• [ASSIGNMENT] Your answer must be an exact copy of all the entries.

====== TASK INPUTS

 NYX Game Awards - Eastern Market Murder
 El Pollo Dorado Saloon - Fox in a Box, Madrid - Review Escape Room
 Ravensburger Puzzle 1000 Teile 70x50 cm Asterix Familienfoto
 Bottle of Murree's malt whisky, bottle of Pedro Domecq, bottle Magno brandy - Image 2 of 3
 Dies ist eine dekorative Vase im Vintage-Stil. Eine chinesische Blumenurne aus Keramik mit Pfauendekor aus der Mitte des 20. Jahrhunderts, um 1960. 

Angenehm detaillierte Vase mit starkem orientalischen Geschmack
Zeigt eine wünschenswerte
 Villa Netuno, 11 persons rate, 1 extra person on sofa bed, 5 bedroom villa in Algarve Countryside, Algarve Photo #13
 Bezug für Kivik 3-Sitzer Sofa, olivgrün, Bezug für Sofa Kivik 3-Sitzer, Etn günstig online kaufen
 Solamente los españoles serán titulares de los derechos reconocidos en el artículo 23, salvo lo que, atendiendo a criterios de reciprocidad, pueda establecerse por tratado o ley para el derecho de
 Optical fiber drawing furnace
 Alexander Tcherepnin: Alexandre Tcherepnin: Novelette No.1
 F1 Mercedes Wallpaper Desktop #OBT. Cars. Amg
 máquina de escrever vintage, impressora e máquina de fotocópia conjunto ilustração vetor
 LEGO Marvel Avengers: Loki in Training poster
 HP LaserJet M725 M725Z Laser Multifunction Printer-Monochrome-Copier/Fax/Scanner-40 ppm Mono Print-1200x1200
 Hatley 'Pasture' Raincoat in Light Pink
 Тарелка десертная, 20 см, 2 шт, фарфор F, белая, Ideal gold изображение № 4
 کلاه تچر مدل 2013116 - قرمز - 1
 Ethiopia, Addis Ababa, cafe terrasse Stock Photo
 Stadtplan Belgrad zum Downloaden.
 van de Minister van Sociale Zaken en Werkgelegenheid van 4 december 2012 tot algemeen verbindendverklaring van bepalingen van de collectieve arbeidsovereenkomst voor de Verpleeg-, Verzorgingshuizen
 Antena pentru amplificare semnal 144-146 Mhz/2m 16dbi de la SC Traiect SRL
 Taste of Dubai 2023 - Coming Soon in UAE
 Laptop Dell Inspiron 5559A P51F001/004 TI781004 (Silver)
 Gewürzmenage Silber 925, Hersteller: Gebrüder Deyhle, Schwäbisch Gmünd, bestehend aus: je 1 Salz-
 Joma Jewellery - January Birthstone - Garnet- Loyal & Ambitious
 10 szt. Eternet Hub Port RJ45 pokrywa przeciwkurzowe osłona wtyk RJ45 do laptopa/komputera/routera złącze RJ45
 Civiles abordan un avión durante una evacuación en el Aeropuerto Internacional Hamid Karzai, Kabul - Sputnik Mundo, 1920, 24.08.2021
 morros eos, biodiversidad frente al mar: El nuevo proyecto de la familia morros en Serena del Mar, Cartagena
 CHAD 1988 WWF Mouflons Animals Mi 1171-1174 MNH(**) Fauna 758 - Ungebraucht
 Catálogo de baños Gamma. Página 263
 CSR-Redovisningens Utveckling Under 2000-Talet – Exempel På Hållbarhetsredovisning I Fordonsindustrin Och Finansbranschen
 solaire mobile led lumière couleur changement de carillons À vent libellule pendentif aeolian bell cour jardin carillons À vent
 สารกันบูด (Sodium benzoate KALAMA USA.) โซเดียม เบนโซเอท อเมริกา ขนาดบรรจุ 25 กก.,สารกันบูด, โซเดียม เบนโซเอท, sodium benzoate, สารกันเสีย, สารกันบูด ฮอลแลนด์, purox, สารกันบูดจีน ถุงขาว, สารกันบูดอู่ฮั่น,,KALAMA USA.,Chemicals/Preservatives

============

• [EXERCISE OUTPUT]
 NYX Game Awards - Eastern Market Murder
 El Pollo Dorado Saloon - Fox in a Box, Madrid - Review Escape Room
 Ravensburger Puzzle 1000 Teile 70x50 cm Asterix Familienfoto
 Bottle of Murree's malt whisky, bottle of Pedro Domecq, bottle Magno brandy - Image 2 of 3
 Dies ist eine dekorative Vase im Vintage-Stil. Eine chinesische Blumenurne aus Keramik mit Pfauendekor aus der Mitte des 20. Jahrhunderts, um 1960. 

Angenehm detaillierte Vase mit starkem orientalischen Geschmack
Zeigt eine wünschenswerte
 Villa Netuno, 11 persons rate, 1 extra person on sofa bed, 5 bedroom villa in Algarve Countryside, Algarve Photo #13
 Bezug für Kivik 3-Sitzer Sofa, olivgrün, Bezug für Sofa Kivik 3-Sitzer, Etn günstig online kaufen
 Solamente los españoles serán titulares de los derechos reconocidos en el artículo 23, salvo lo que, atendiendo a criterios de reciprocidad, pueda establecerse por tratado o ley para el derecho de
 Optical fiber drawing furnace
 Alexander Tcherepnin: Alexandre Tcherepnin: Novelette No.1
 F1 Mercedes Wallpaper Desktop #OBT. Cars. Amg
 máquina de escrever vintage, impressora e máquina de fotocópia conjunto ilustração vetor
 LEGO Marvel Avengers: Loki in Training poster
 HP LaserJet M725 M725Z Laser Multifunction Printer-Monochrome-Copier/Fax/Scanner-40 ppm Mono Print-1200x1200
 Hatley 'Pasture' Raincoat in Light Pink
 Тарелка десертная, 20 см, 2 шт, фарфор F, белая, Ideal gold изображение № 4
 کلاه تچر مدل 2013116 - قرمز - 1
 Ethiopia, Addis Ababa, cafe terrasse Stock Photo
 Stadtplan Belgrad zum Downloaden.
 van de Minister van Sociale Zaken en Werkgelegenheid van 4 december 2012 tot algemeen verbindendverklaring van bepalingen van de collectieve arbeidsovereenkomst voor de Verpleeg-, Verzorgingshuizen
 Antena pentru amplificare semnal 144-146 Mhz/2m 16dbi de la SC Traiect SRL
 Taste of Dubai 2023 - Coming Soon in UAE
 Laptop Dell Inspiron 5559A P51F001/004 TI781004 (Silver)
 Gewürzmenage Silber 925, Hersteller: Gebrüder Deyhle, Schwäbisch Gmünd, bestehend aus: je 1 Salz-
 Joma Jewellery - January Birthstone - Garnet- Loyal & Ambitious
 10 szt. Eternet Hub Port RJ45 pokrywa przeciwkurzowe osłona wtyk RJ45 do laptopa/komputera/routera złącze RJ45
 Civiles abordan un avión durante una evacuación en el Aeropuerto Internacional Hamid Karzai, Kabul - Sputnik Mundo, 1920, 24.08.2021
 morros eos, biodiversidad frente al mar: El nuevo proyecto de la familia morros en Serena del Mar, Cartagena
 CHAD 1988 WWF Mouflons Animals Mi 1171-1174 MNH(**) Fauna 758 - Ungebraucht
 Catálogo de baños Gamma. Página 263
 CSR-Redovisningens Utveckling Under 2000-Talet – Exempel På Hållbarhetsredovisning I Fordonsindustrin Och Finansbranschen
 solaire mobile led lumière couleur changement de carillons À vent libellule pendentif aeolian bell cour jardin carillons À vent
 สารกันบูด (Sodium benzoate KALAMA USA.) โซเดียม เบนโซเอท อเมริกา ขนาดบรรจุ 25 กก.,สารกันบูด, โซเดียม เบนโซเอท, sodium benzoate, สารกันเสีย, สารกันบูด ฮอลแลนด์, purox, สารกันบูดจีน ถุงขาว, สารกันบูดอู่ฮั่น,,KALAMA USA.,Chemicals/Preservatives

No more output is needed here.